The output should match, line for line, the records from the line containing "Rolex Submariner 2019" through the line containing "Oka-b Crystal Thong Flip Flops- Medium", with every picture left out.

#### [SUPPLIED DATA]
—————

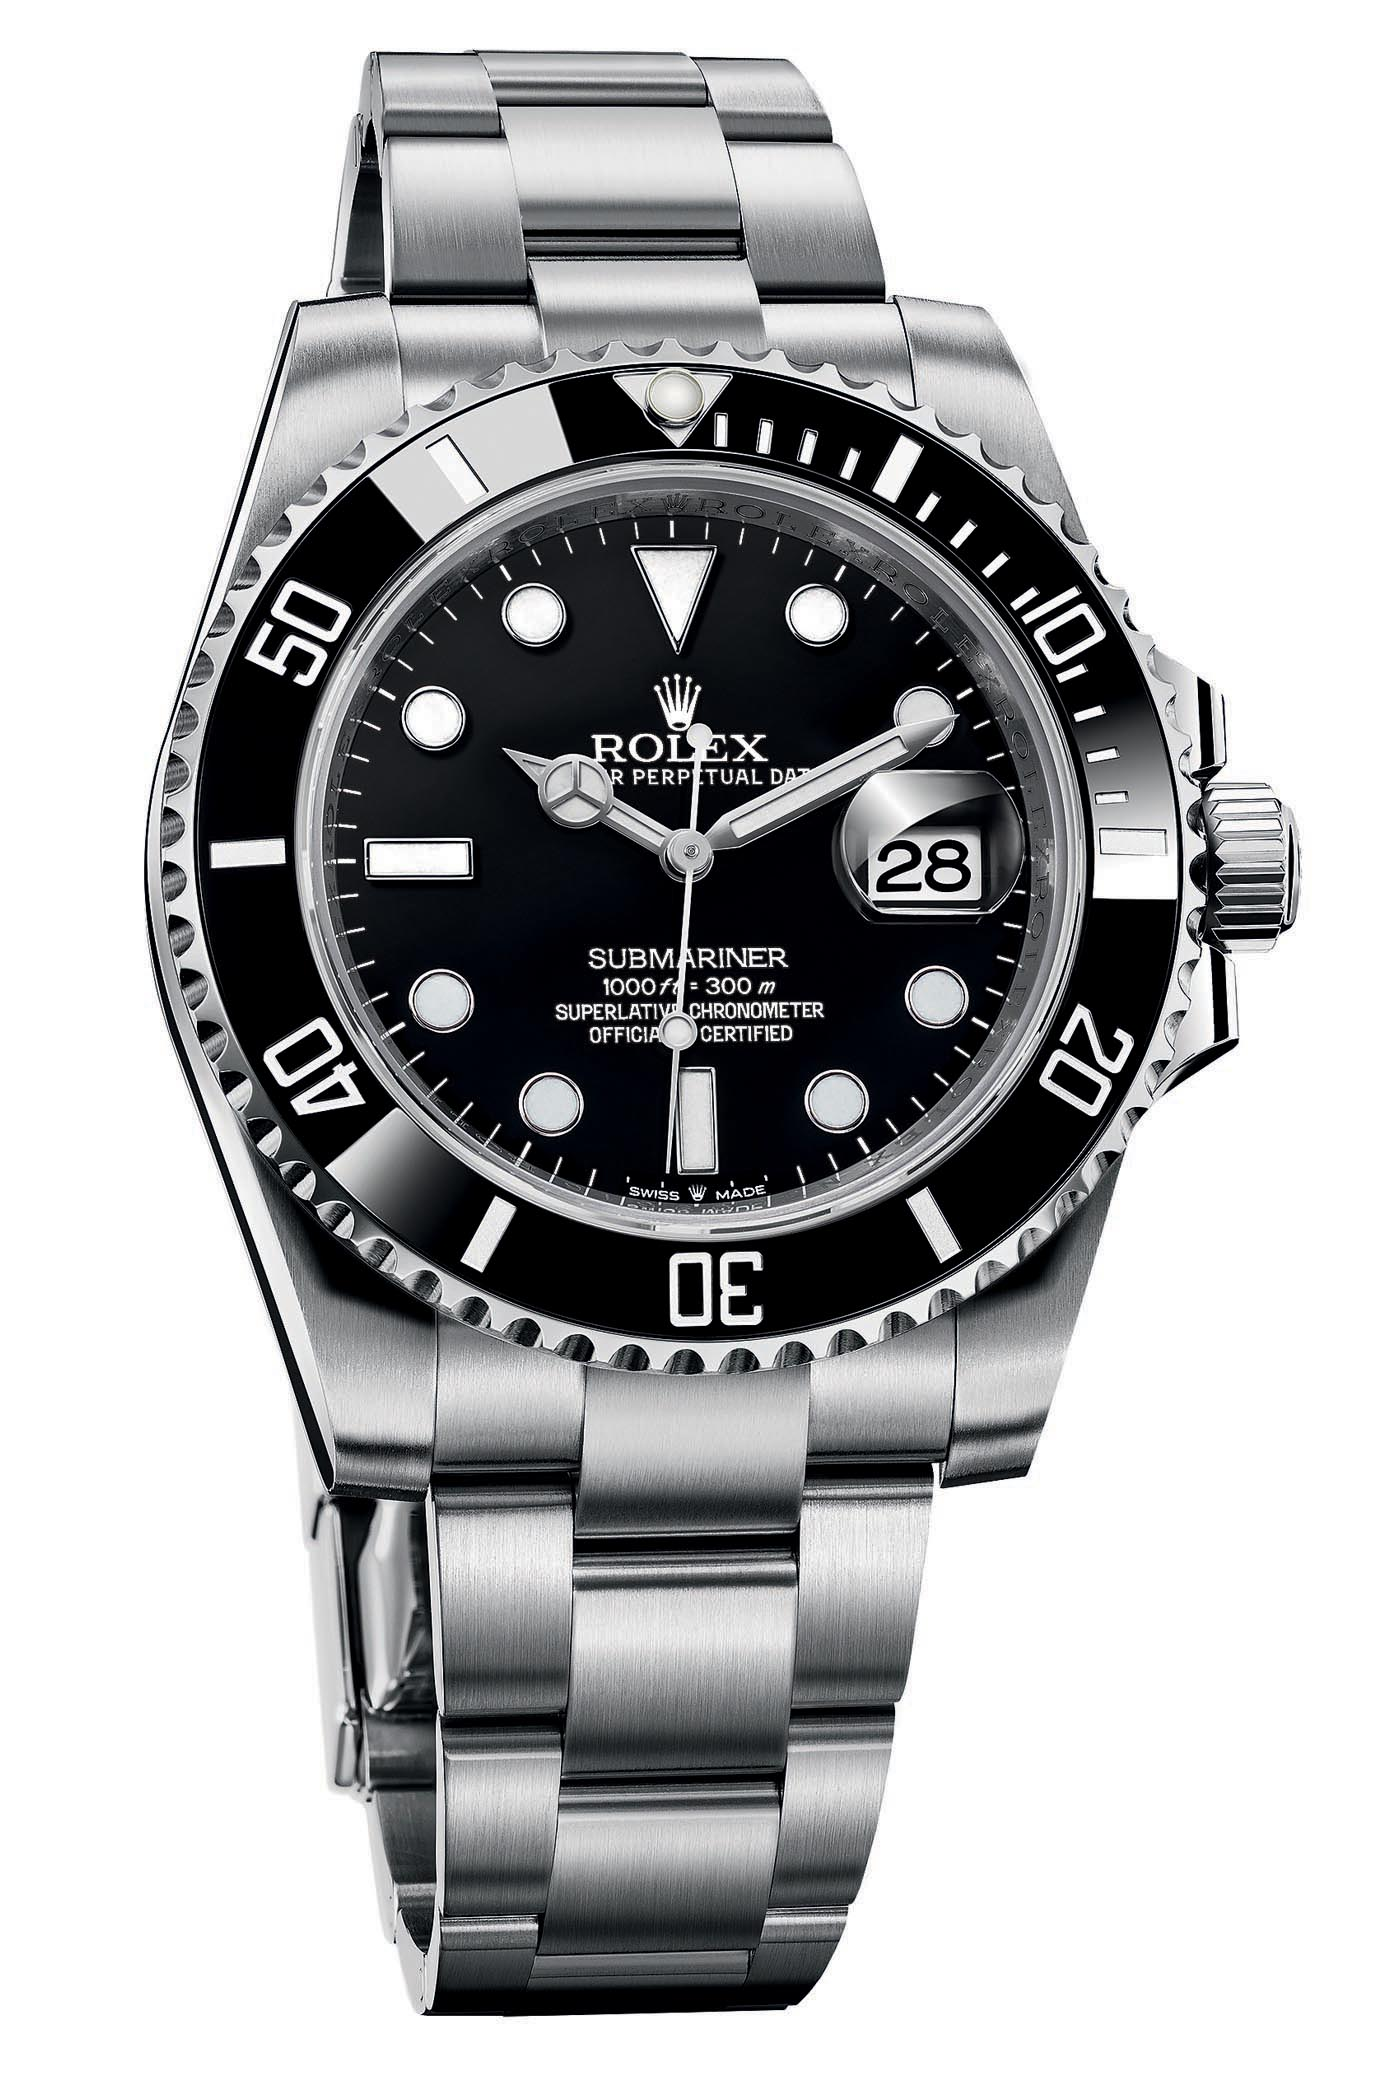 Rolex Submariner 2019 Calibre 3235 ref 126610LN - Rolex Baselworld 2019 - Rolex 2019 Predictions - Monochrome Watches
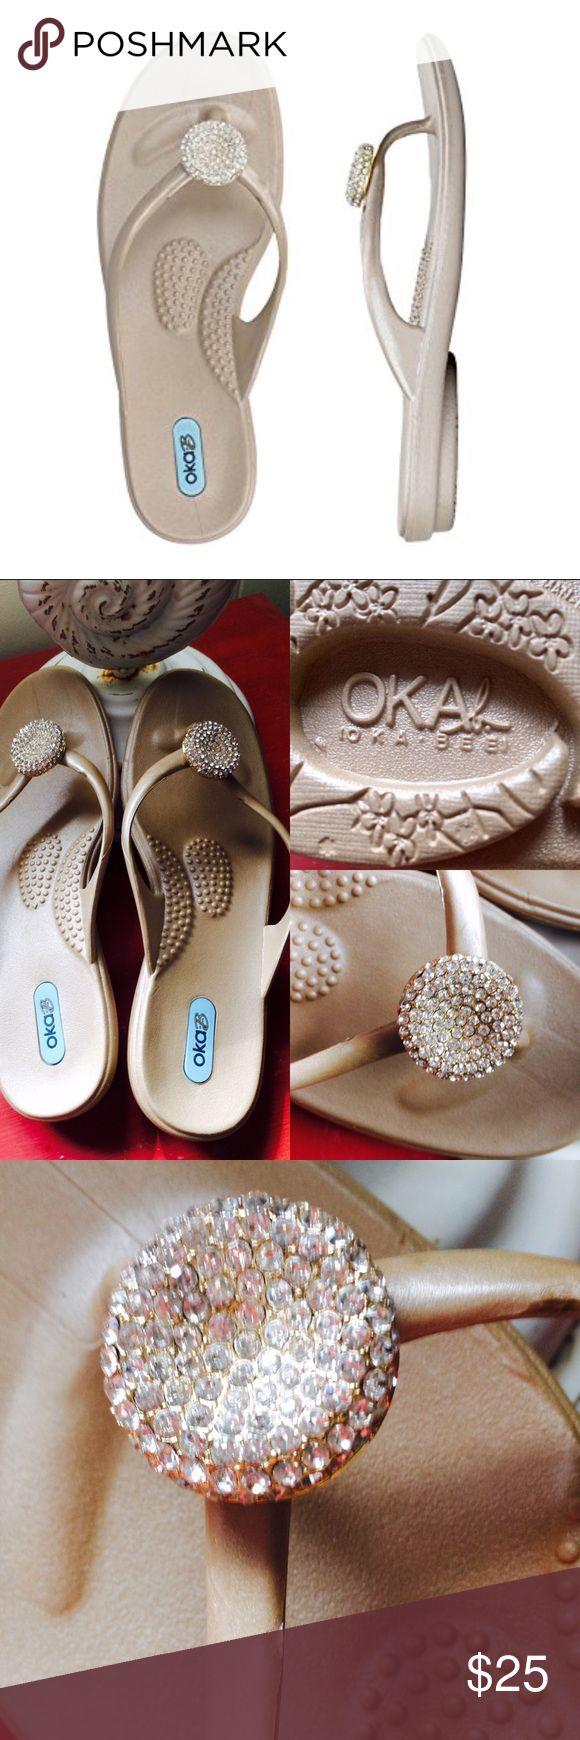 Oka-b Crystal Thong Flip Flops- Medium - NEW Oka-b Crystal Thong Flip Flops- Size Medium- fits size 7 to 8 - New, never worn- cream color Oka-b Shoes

—————

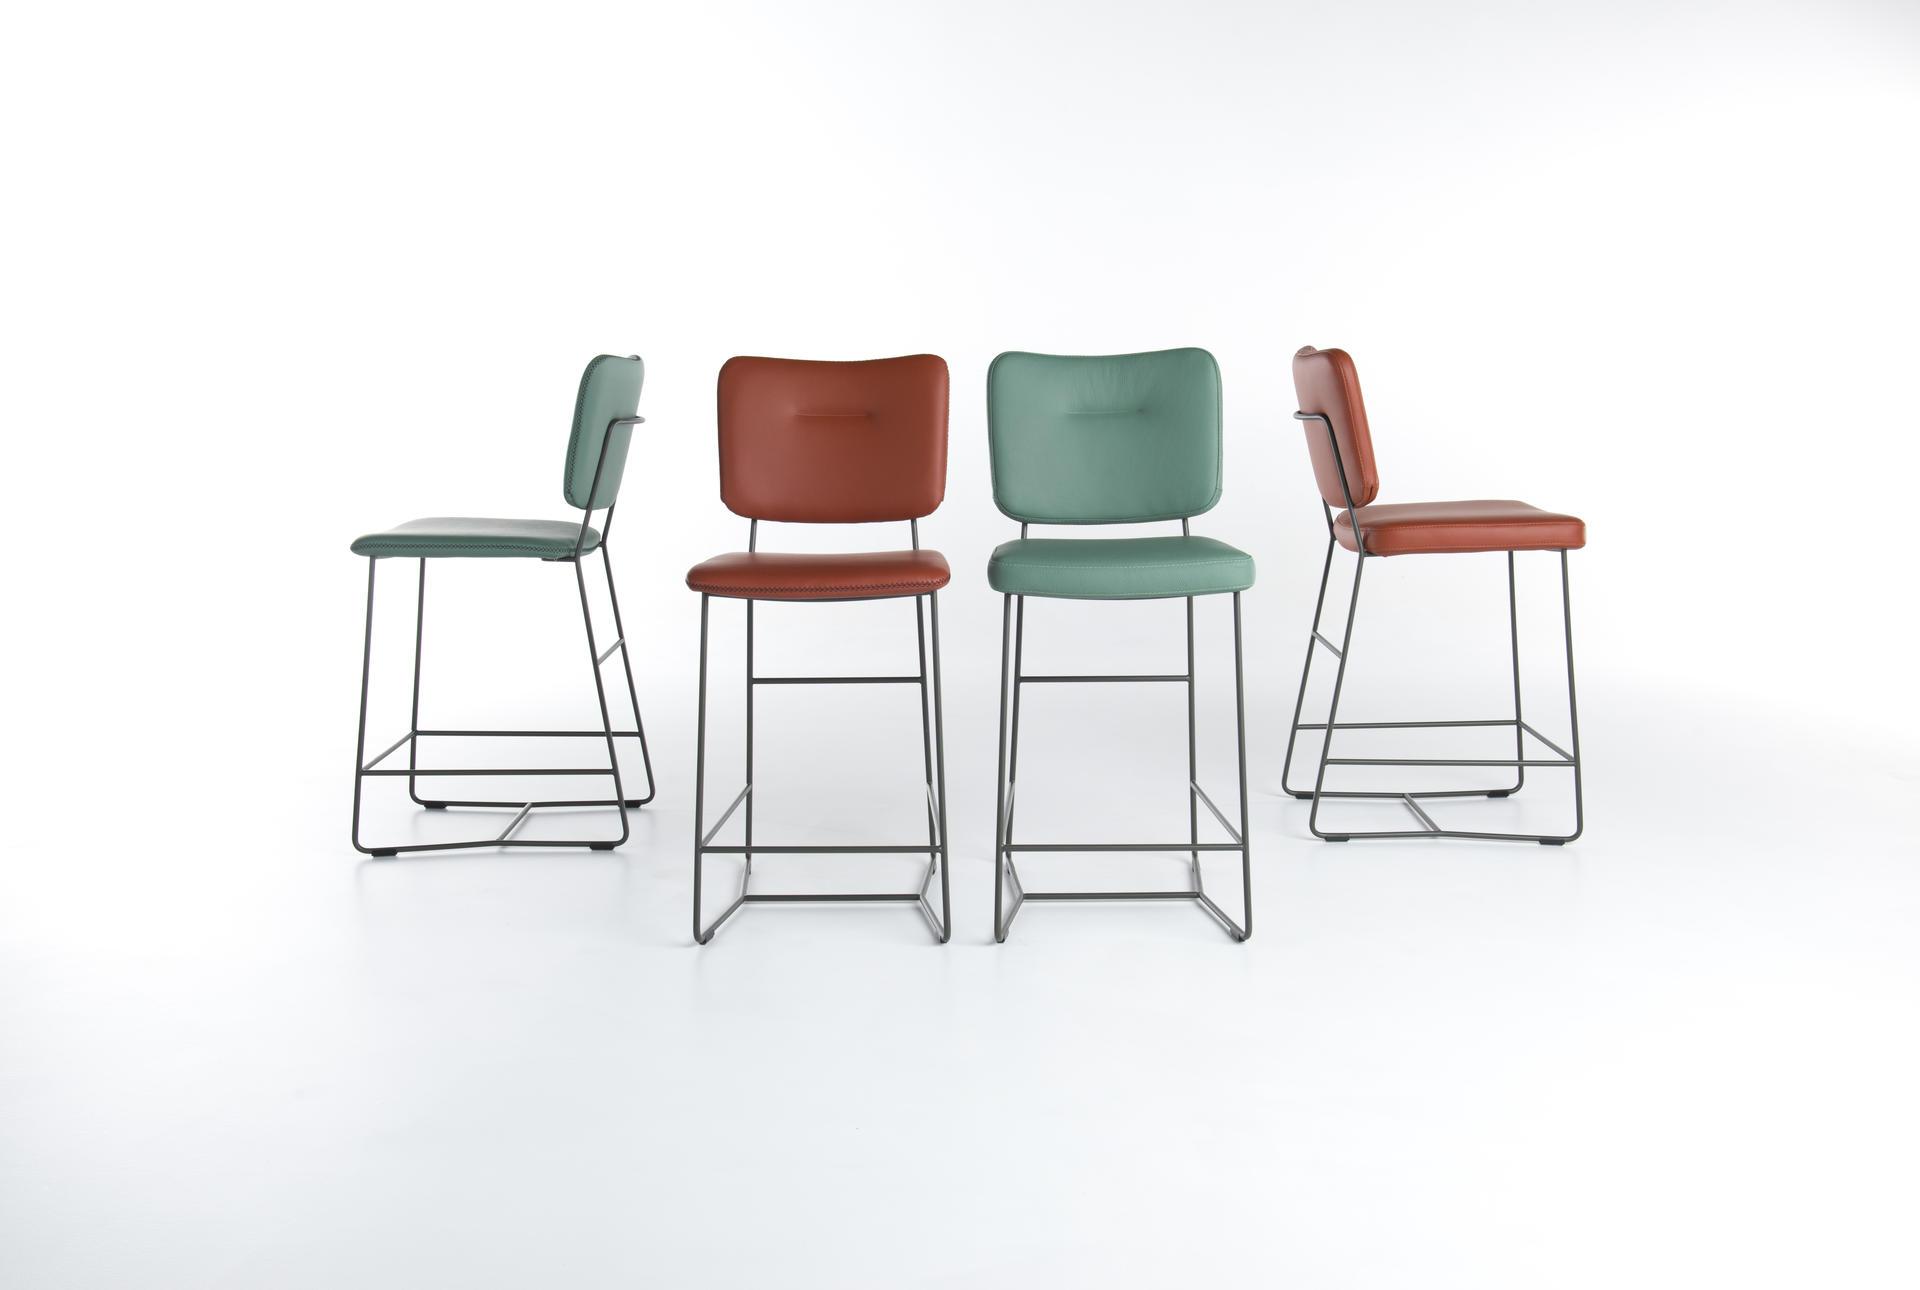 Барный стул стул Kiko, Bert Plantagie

—————

#### [WRITTEN RESPONSE]
 Rolex Submariner 2019 Calibre 3235 ref 126610LN - Rolex Baselworld 2019 - Rolex 2019 Predictions - Monochrome Watches
 Oka-b Crystal Thong Flip Flops- Medium - NEW Oka-b Crystal Thong Flip Flops- Size Medium- fits size 7 to 8 - New, never worn- cream color Oka-b Shoes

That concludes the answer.